I've been thinking a lot lately about revision control for art assets. As X-Plane has grown, our art team has grown, and as the art team has grown, our strategy for dealing with art assets is coming under strain.

Currently we use GIT for source code and SVN for art assets in a single shared repo. No one likes SVN - it was selected as the least bad alternative:

  • Since it's centralized, it's much more in line with what artists expect for revision control - no explaining distributed source control to non-programmers.
  • It doesn't replicate the entire history of an art asset, which is too much data.
  • Parts of a tree can be checked out without paying for the entire tree.
  • There are decent GUIs for every platform.
  • It's scriptable for integration flexibility.
SVN still has some real problems:

  • It is just so slow. You can look at your wire speed and SVN's speed and you're just not getting a fast transfer.Update: this finding is wrong! SVN's speed at transferring binary files is about the same as your wire speed to the server. I'll write up a separate post on speed tests. Many of us are using GUI clients and it is possible that some of them are adding a tax, but the command line SVN client is similar in up/down transfer speed to GIT and rsync for basic data transfer.
  • SVN can't do an incremental update without a working repo, which means having a .svn directory even for the art assets you're not working on. That means at least 2x the disk space on the entire art asset pile, just to be able to get latest.

GIT's Not It

Since I am a programmer, my first thought was: well, clearly GIT can be made to do this, because GIT is the answer to all problems involving files. I spent some time trying to figure out how to shoe-horn GIT into this roll and have concluded that it's not a good idea. GIT simply makes too many fundamental assumptions that are right for source trees and wrong for art asset piles.

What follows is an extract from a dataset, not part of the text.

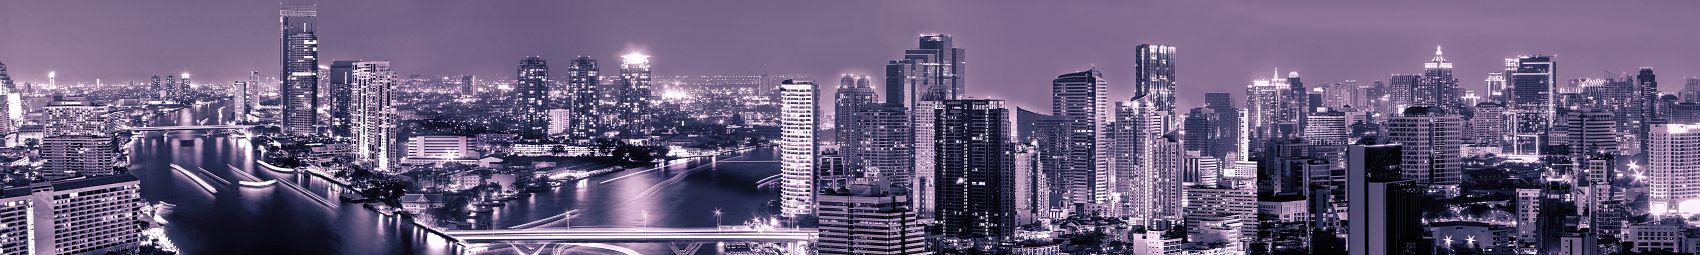 Ночной город в фиолетовом цвете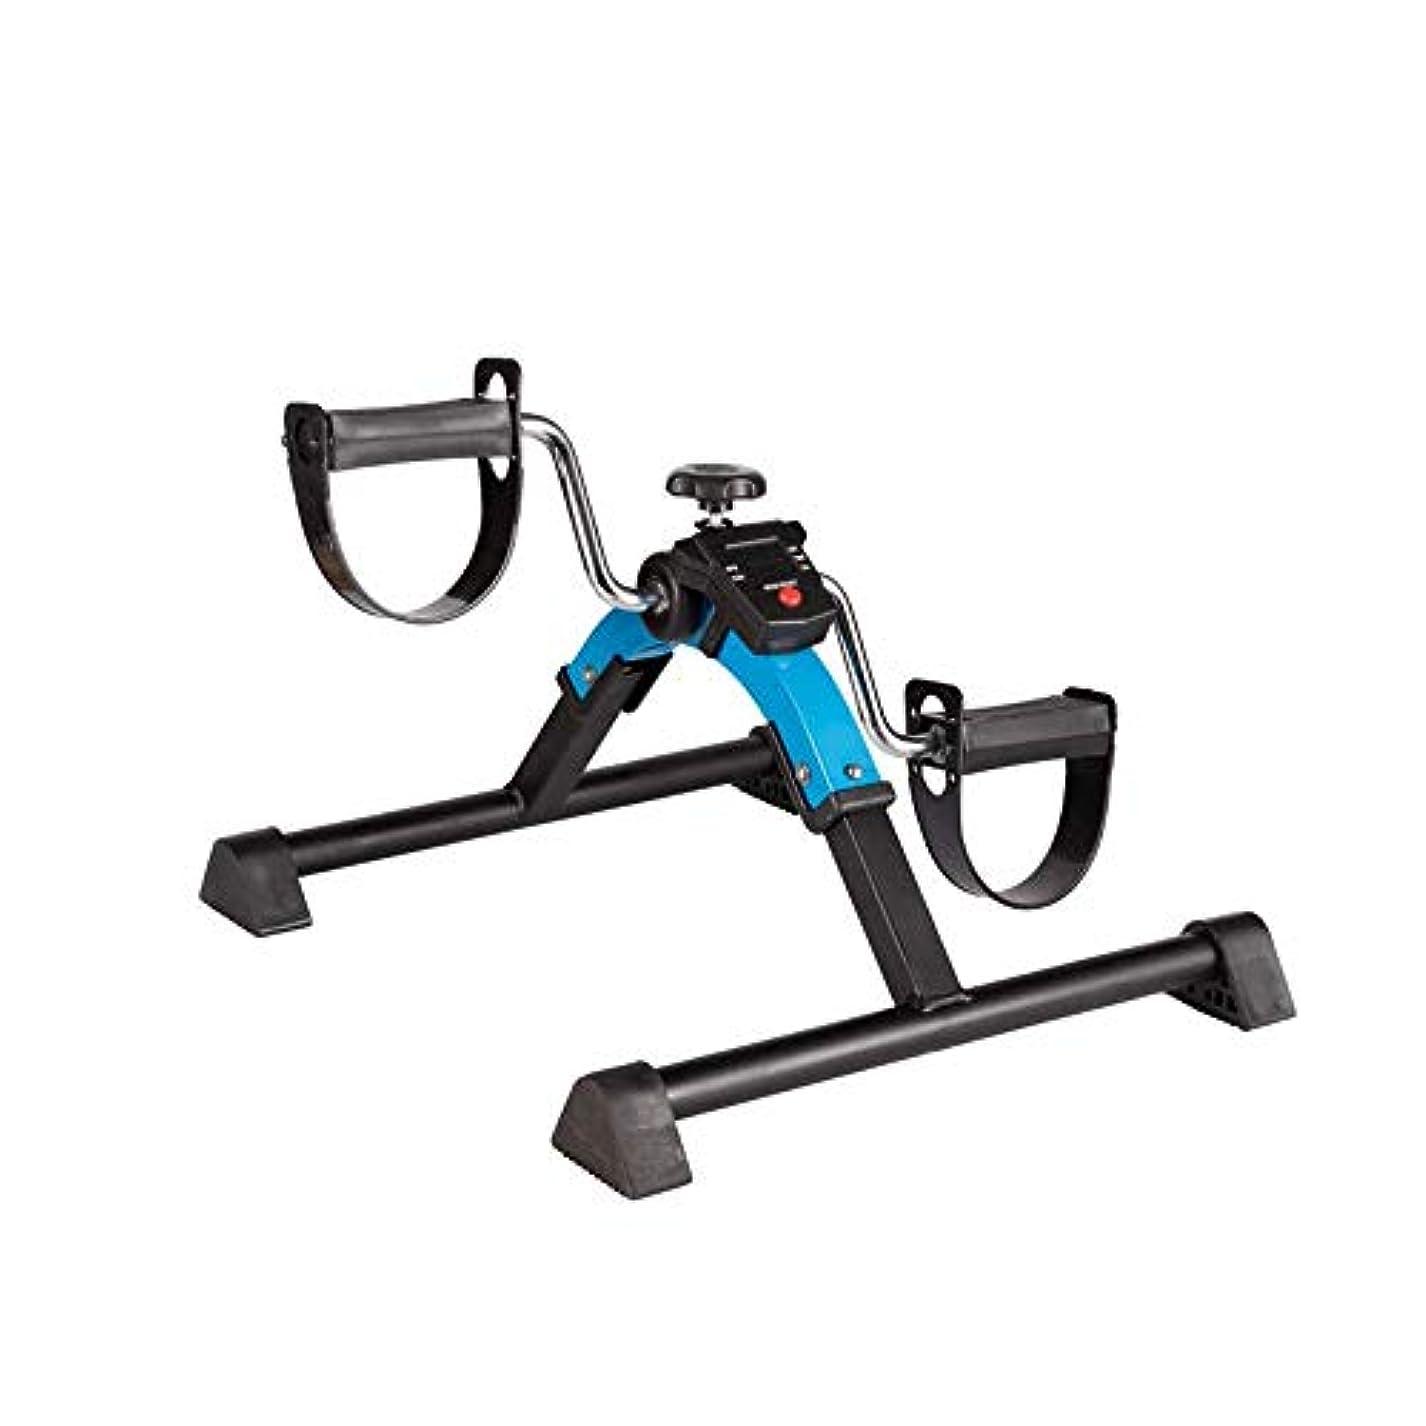 アラブサラボ招待現代上肢および下肢エクササイズペダル、レッグマシン、リハビリトレーニング機器、脳卒中、片麻痺、手足、二重使用自転車

We'd be fighting GIT's behavior all of the time.

We Kind of Want Rsync

There are two parts of art asset version control: letting the guys who are doing the work make revisions, and letting the people not doing the work get those revisions. It's easy to overlook that second task, but for any given person working on X-Plane, that artist is not working on most of the airplanes, scenery packs, etc.  And the programming team is working on none of them.

For the task of getting art without revision control, rsync would be just great.

  • It can work incrementally.
  • It only gets what you need.
  • It's reasonably fast.
  • It doesn't waste any disk space.
One of the main problems with SVN is performance - if I have to change a branch, having SVN take half an hour to get the new art asset pack I need is pretty painful. So it's at least interesting to look at the architecture rsync implies:

  • Files live on the server.
  • We fetch only the files we want.
  • We basically do a straight network transfer and we don't try anything to clever.
Hrm....I know another program like that.

We Kind of Want The X-Plane Installer/Updater

We solved the problem of getting the latest art assets for all of our users - it's called the X-Plane updater. In case you haven't spent your copious free time wire-sharking our updater, it's really, really simple:

  • All files live on an HTTP server, pre-compressed.
  • A manifest lives on the HTTP server.
  • The client downloads the manifests, compares what it has to what's on the server, then fetches the missing or newer files and decompresses them.
Our installer is (sadly) not content-addressed (meaning a file's name is what is inside it, which naturally removes dupes). If I could redesign it now it would be, but in my defense, GIT wasn't a round when we did the original design. (As a side note, it's way easier to debug server side problems when you are not content addressed. :-)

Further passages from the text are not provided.